The Sobremesa Cup Set is named after the Spanish word for languid afternoons following lunchtime, in the golden summer sun, and was designed to encourage new movement patterns and ways of interaction. The polished stainless steel surfaces glint and gleam in the long afternoon light, reflecting sparkles in eyes from easy laughter. The work has been designed for outdoor dining; each cup hooks onto a pack or branch, rather than sitting on a table, therefore the contents must be consumed before setting the cup down. The Sobremesa Cup Set is made for subdued soirees on a patio, through to multi-day treks through the mountains. The user can cradle the Sobremesa cup in two hands, with a warm coffee or cocoa, elegantly hold wine in a single hand, stand the cup upright by pushing the handle into soil or sand, and roll the cup along the ground.

Makushla Harper is an emerging Industrial Designer from Tasmania, now based in Melbourne. Her design methodology centres around texture and tactile experience, leaning heavily on physical prototyping to find new ways of working with existing materials. She finds inspiration in the outdoors as an avid hiker, boulderer and adventurer.
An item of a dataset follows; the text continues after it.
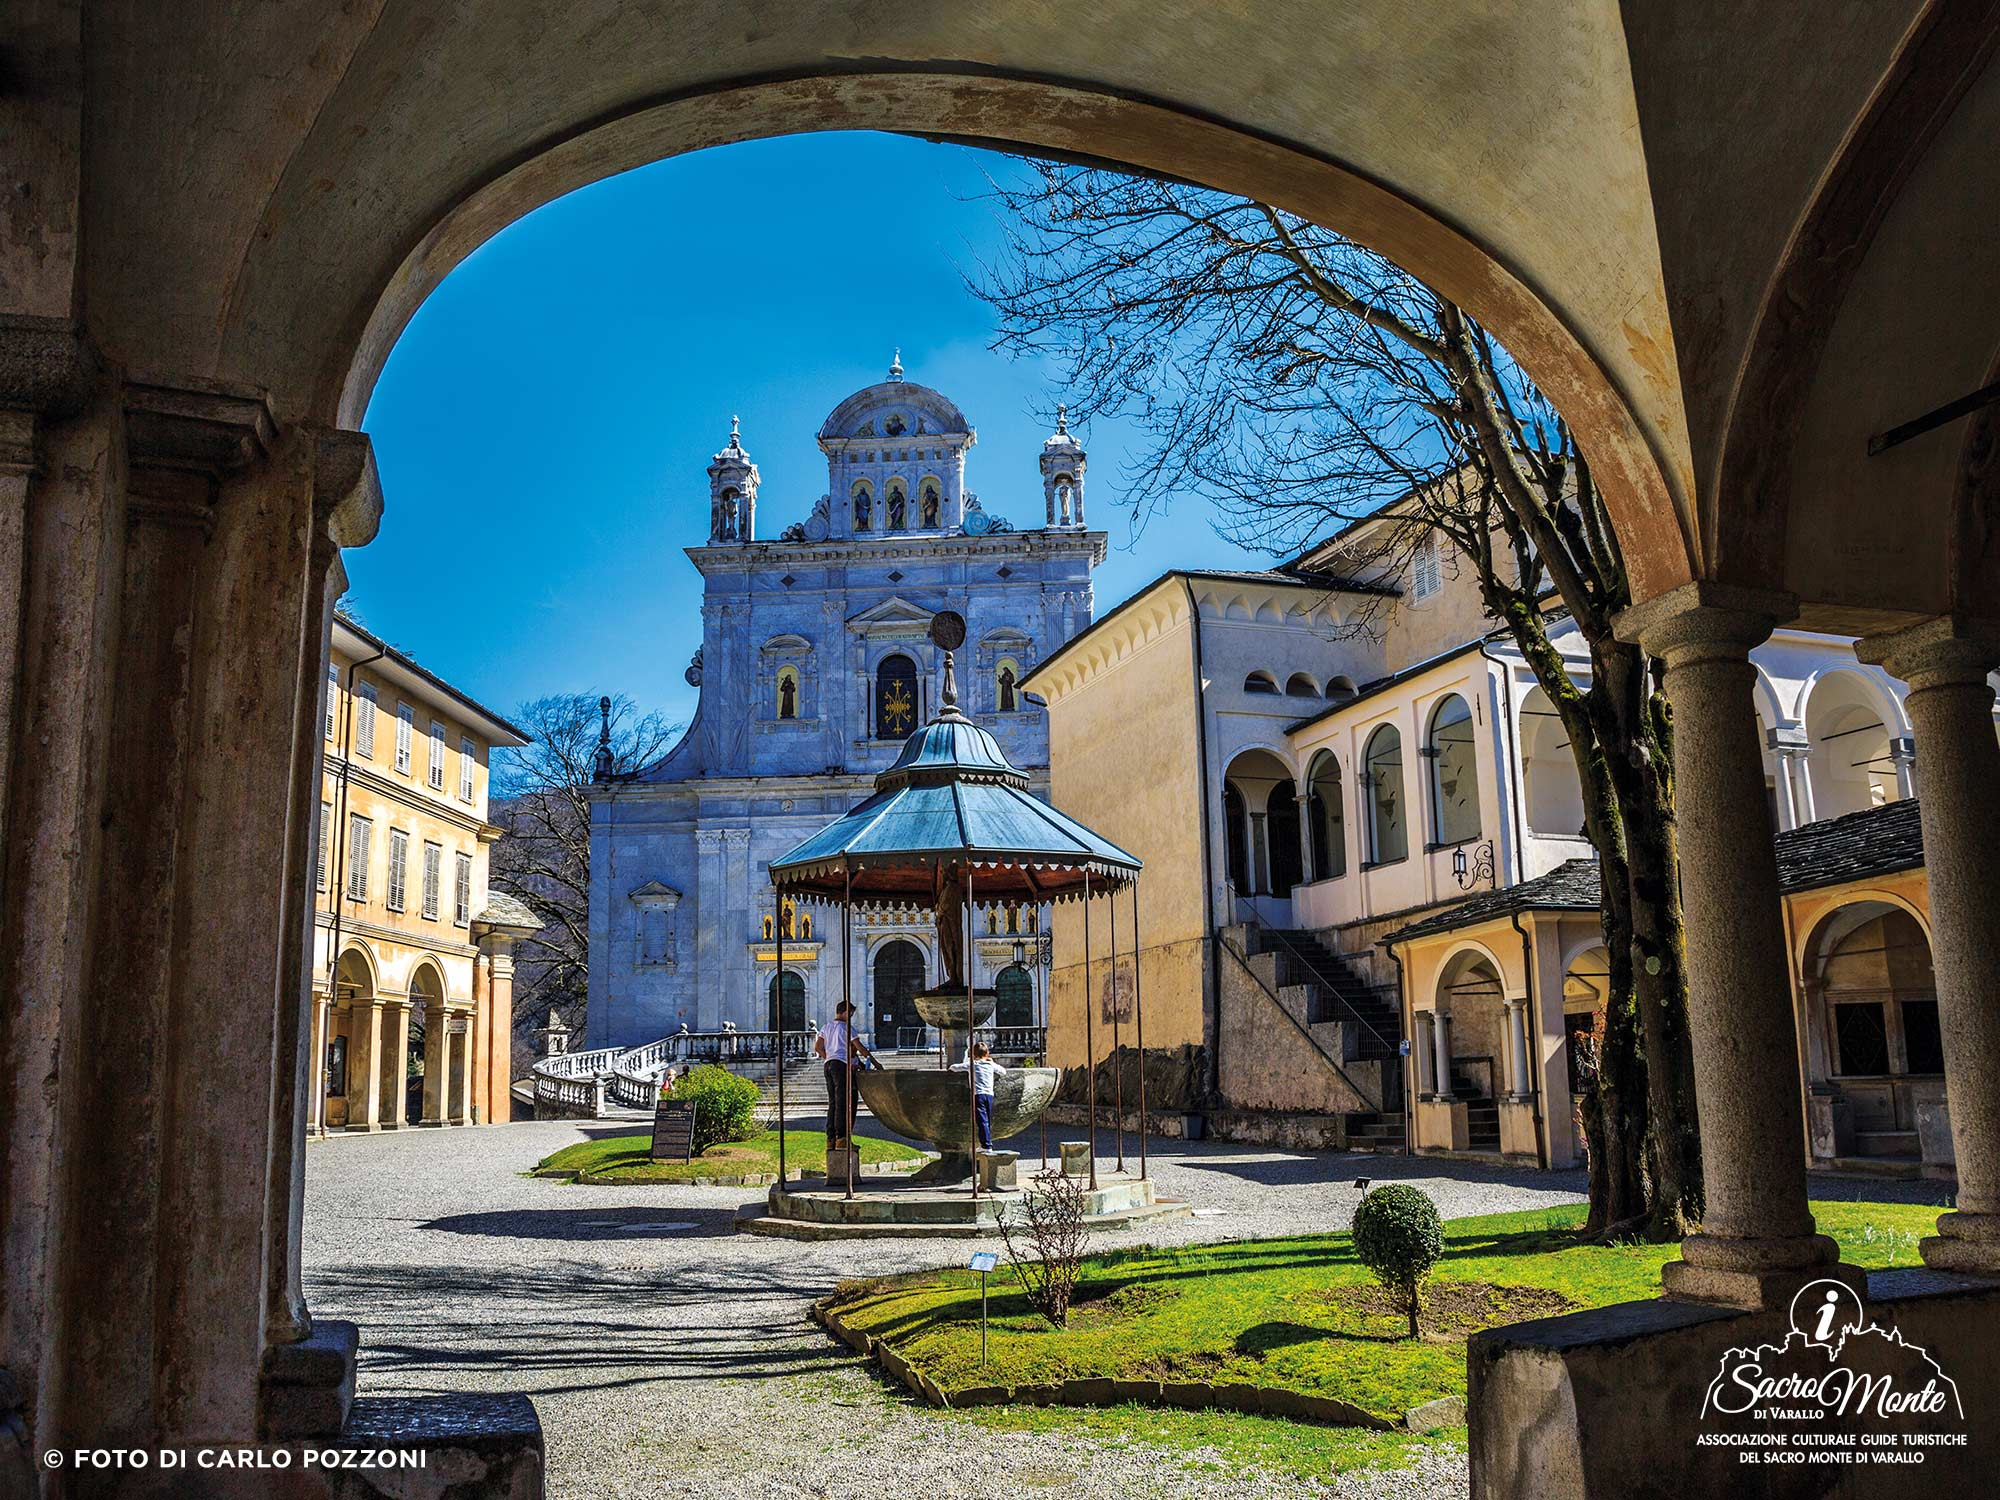 Sacro Monte di Varallo, basilica

She is a graduate of RMIT Industrial Design, and currently works as a lighting designer and sessional lecturer.

Highly Commended Object Design

Bridget Saville, Of Which We Are Made
Rebecca George, Material Memory




IMAGE > Makushla Harper, Sobremesa Cup Set, Stainless Steel, 10 x 7 x 7cm. Courtesy of the artist.


ADA Design Futures Award
Carl Broesen

Loom Lounge


Carl Broesen’s works re-imagine functional furniture as a catalyst for connection and shared experiences, in line with the theme "We have shared bread and salt." The Loom Lounge invites people to gather and sit together, its woven structure symbolizing the coming together of diverse materials—just as shared meals bring people closer. This piece is designed to transform everyday moments into opportunities for deeper connection, reflecting the essence of shared bread and salt in building community.

Carl Broesen is a furniture, lighting, and object designer-maker based in Melbourne (Naarm). He enjoys being in the workshop crafting new and interesting objects that reflect the value of sustainability with poetic and functional merit. He believes design plays a pivotal role in shaping the world we live in, and with it a responsibility for designers to solve problems that ultimately benefit the planet and everything in it. Whilst studying a Bachelor of Design in product design, Broesen dived into the design industry working as a concept designer and fabricator working with acclaimed designers, most notably Adam Goodrum and Patryk Koca. Since graduating, he has worked across the design field from architectural model making through to furniture prototyping and design resolution. Currently working in the design & production development team at Tait outdoor furniture, he is heavily involved in all stages of the design process from concept to product delivery and ongoing development. Alongside this, he continues to develop his own products through his practice Carl Broesen Studio.




IMAGE > Carl Broesen, Loom Lounge, Cotton, Polyester, Wool, Felt, Nickle plated Steel, 76 x 200 x 81cm. Courtesy of the artist.